Hindsight is 20/20. If it’s someone else’s decision, it’s often clear to us what another should do. Why is it so tough to find clarity when we are in the thick of our own dilemma? Why do we miss the useful data that’s right under our nose?

Months after I got fired from a job I held for seven years it became very clear that I’d stayed in that job six months too long. With hindsight and a few martinis, it was easy to see how burned out, depressed and overwhelmed I was during the last year I’d held that position. I had managed to ignore an abundance of warning signs and was shocked when the chairman told me, “Thank you for your contribution, this is your last day.” What about you? What blinding glimpse of the obvious caught you by total surprise?

Tapping a Different Intelligence

We make choices all the time, mostly by using our analytical mind. This mind is an incredible asset. Yours may be a powerful computer that can manipulate reams of data at lightning-fast speed. Yet the analytical mind can be a liability. It can increase the size of your blind spot, conceal powerful possibilities, and lead you to ask the wrong questions. This aspect of your mind will fail you when it comes to decisions that have big emotional or spiritual components, basically any important decision you face over age forty.

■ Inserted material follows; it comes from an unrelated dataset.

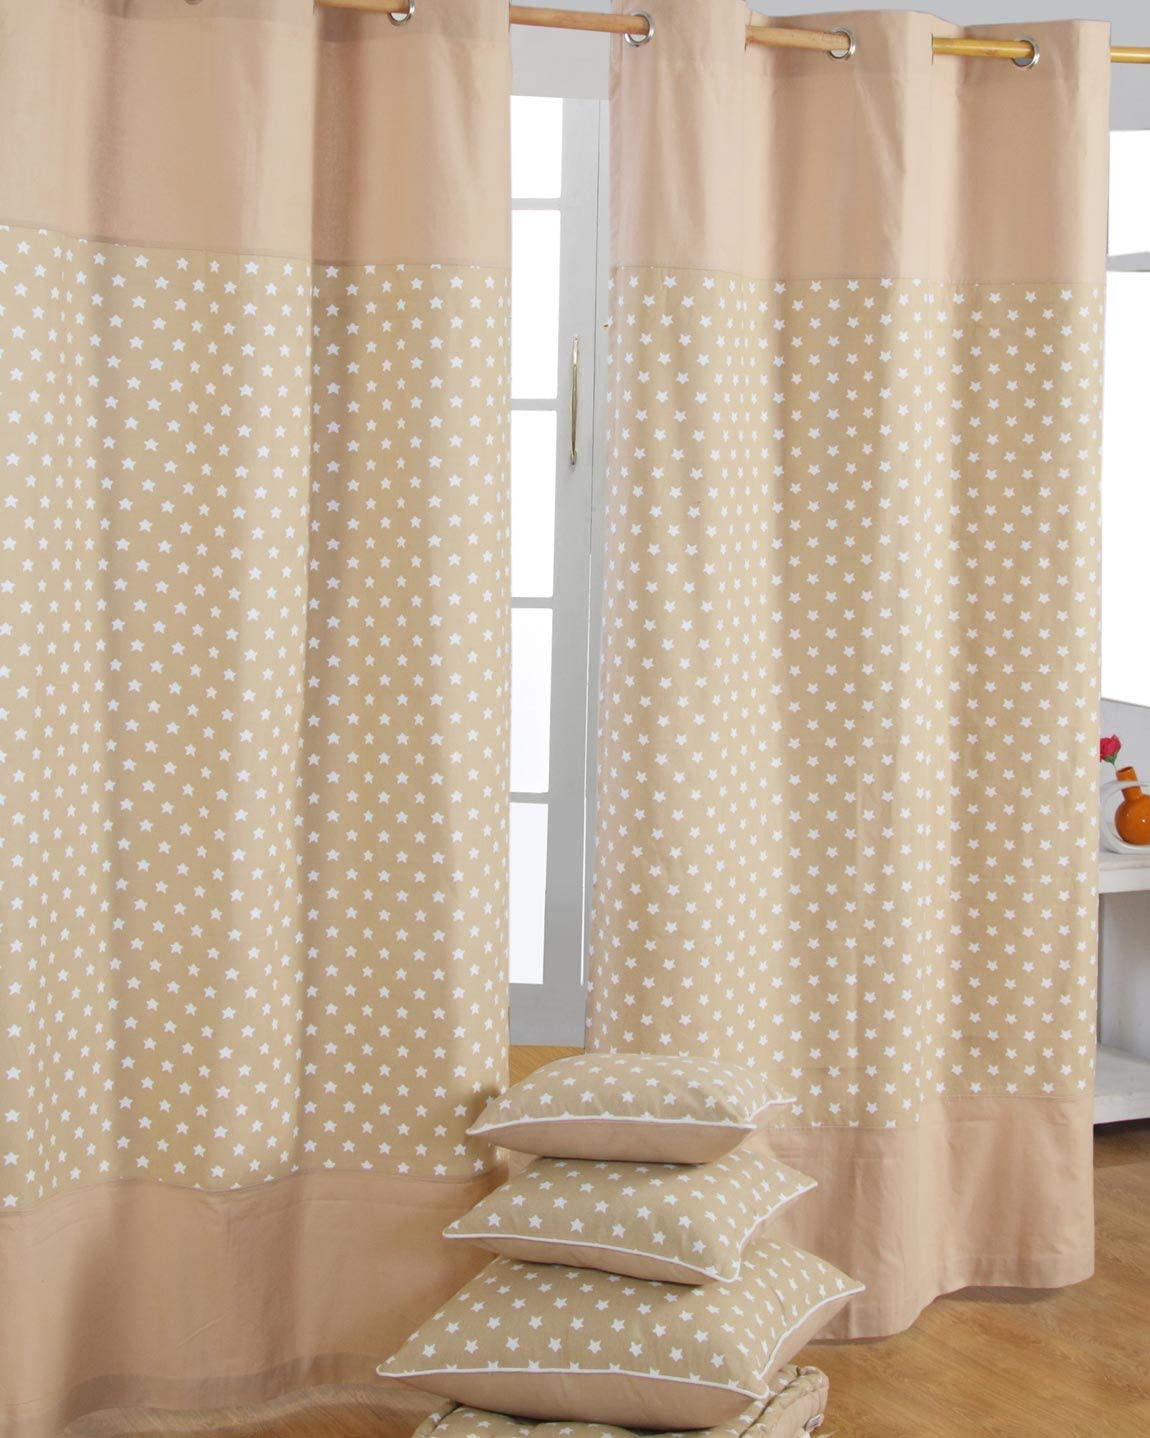 HOMESCAPES par de Cortinas de algodón Beige con Estrellas Blancas 137x182cm: Amazon.es: Hogar

Skillful and soulful decision making requires accessing your wisdom. Instead of wisdom you may use another word like intuition, gut, heart, or higher self. What we call it isn’t important. What’s important is acknowledging we all have an inner voice or vibe that connects us to a deeper intelligence. When the answer comes from this place we avoid self-deception and are aligned with our core values.

Clearing the Resistance to Your Deeper Truth

You know that when you don’t listen to that voice you often regret it. Maybe you don’t trust your inner experience enough to act on it. Or do you judge it to be too subtle, impractical or illogical? What’s the nature of the unconscious agreement you’ve made with your source of wisdom? If you want to change that agreement here are two simple but often challenging ways to cultivate a more productive relationship with your own wisdom:

Slow Down. Most people enable an estrangement from their wisdom by staying too busy or working too fast. Over time they become anesthetized to the subtle but critical aspects of their lives. There’s good research that shows that the faster we work, the more likely we will betray our core values.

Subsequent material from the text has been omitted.